╭─ Provided data

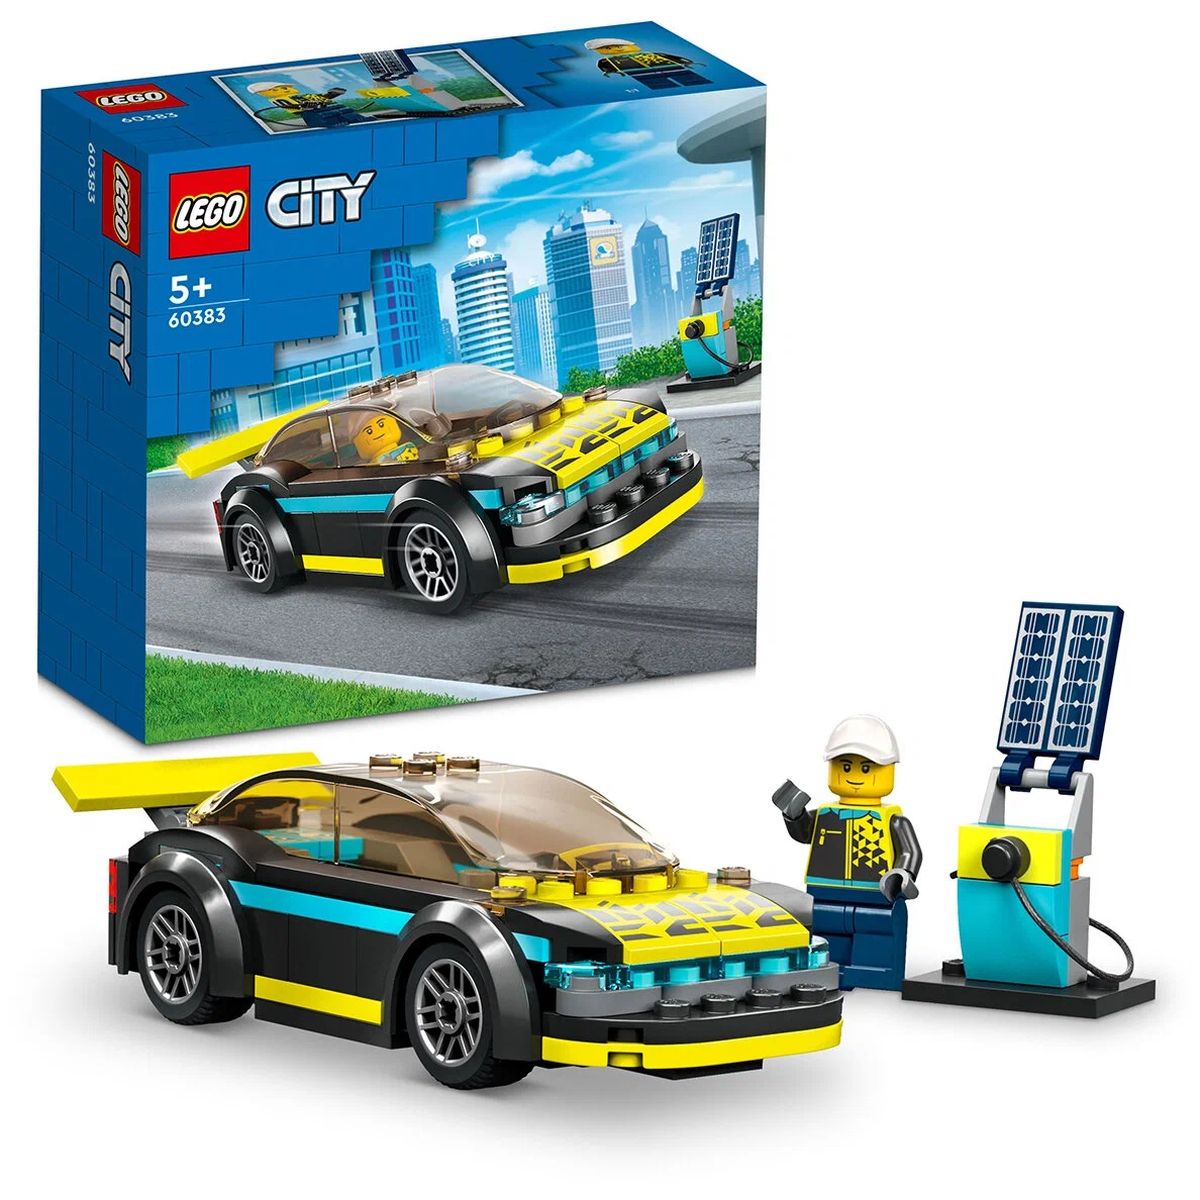 Конструктор LEGO City Электрический спорткар, 95 деталей, 60383 конструктор lego creator 31100 спортивный автомобиль
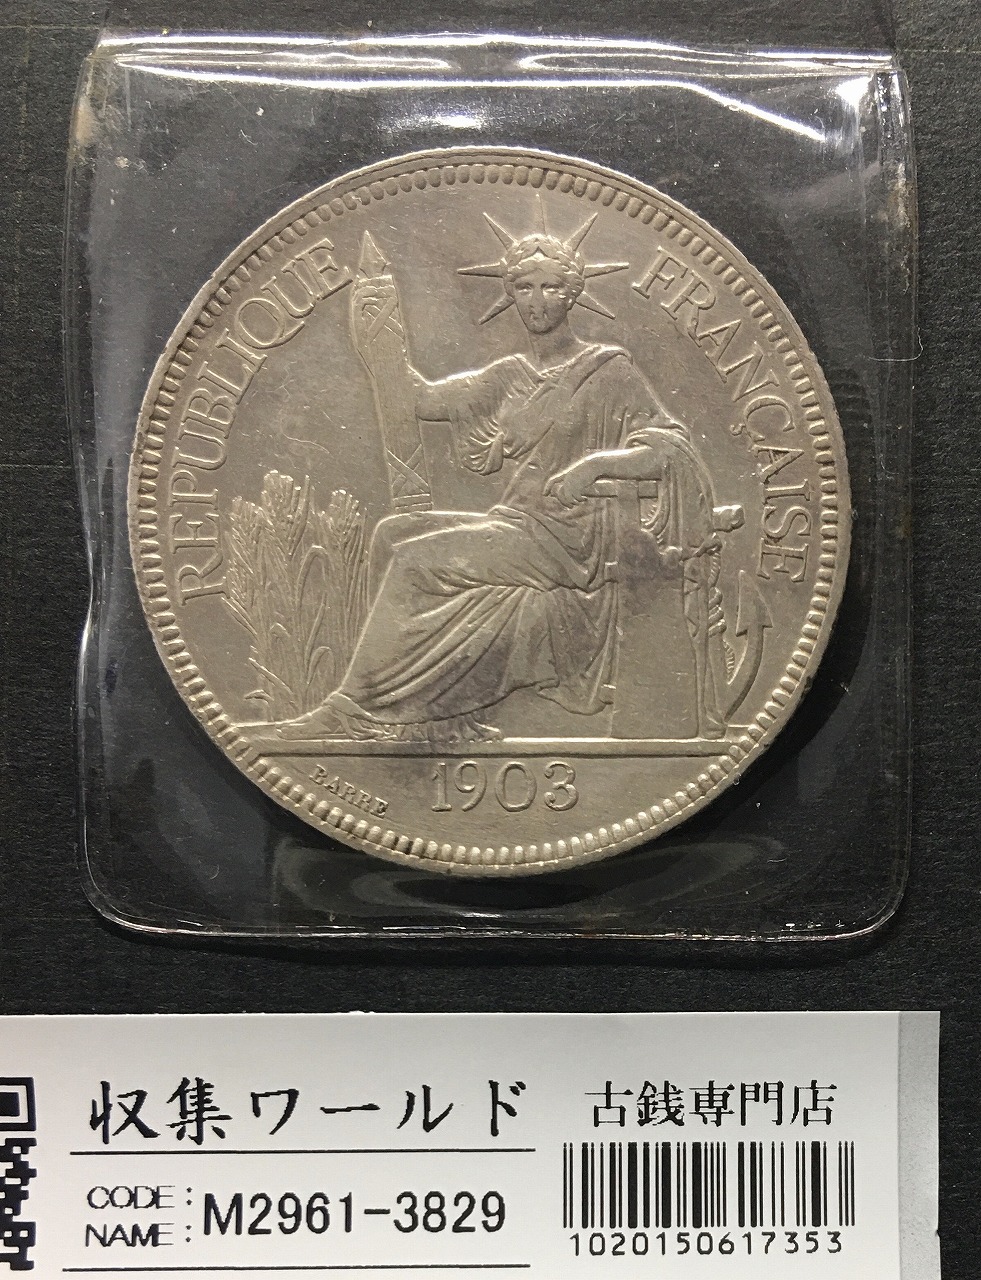 【廃盤商品】フランス領インドシナ1ピアストル銀貨1908 コレクション
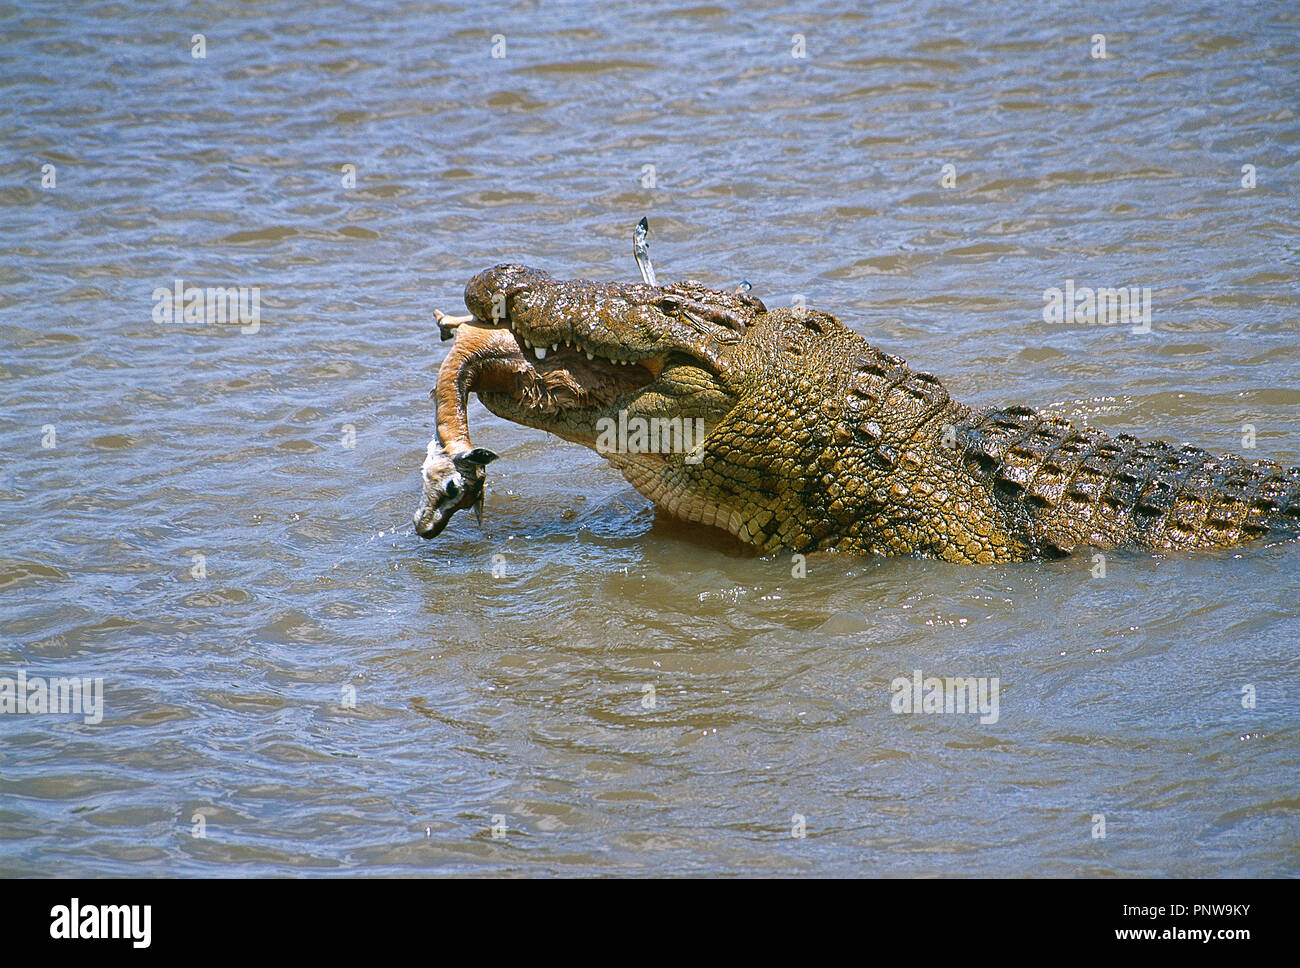 Kenya. Río Mara. Crocodile fresco con matar en sus mandíbulas. Foto de stock

╰─

Task item: From the material above, reproduce everything verbatim except the pictures.

Solution:
 Конструктор LEGO City Электрический спорткар, 95 деталей, 60383 конструктор lego creator 31100 спортивный автомобиль
 【廃盤商品】フランス領インドシナ1ピアストル銀貨1908 コレクション
 Kenya. Río Mara. Crocodile fresco con matar en sus mandíbulas. Foto de stock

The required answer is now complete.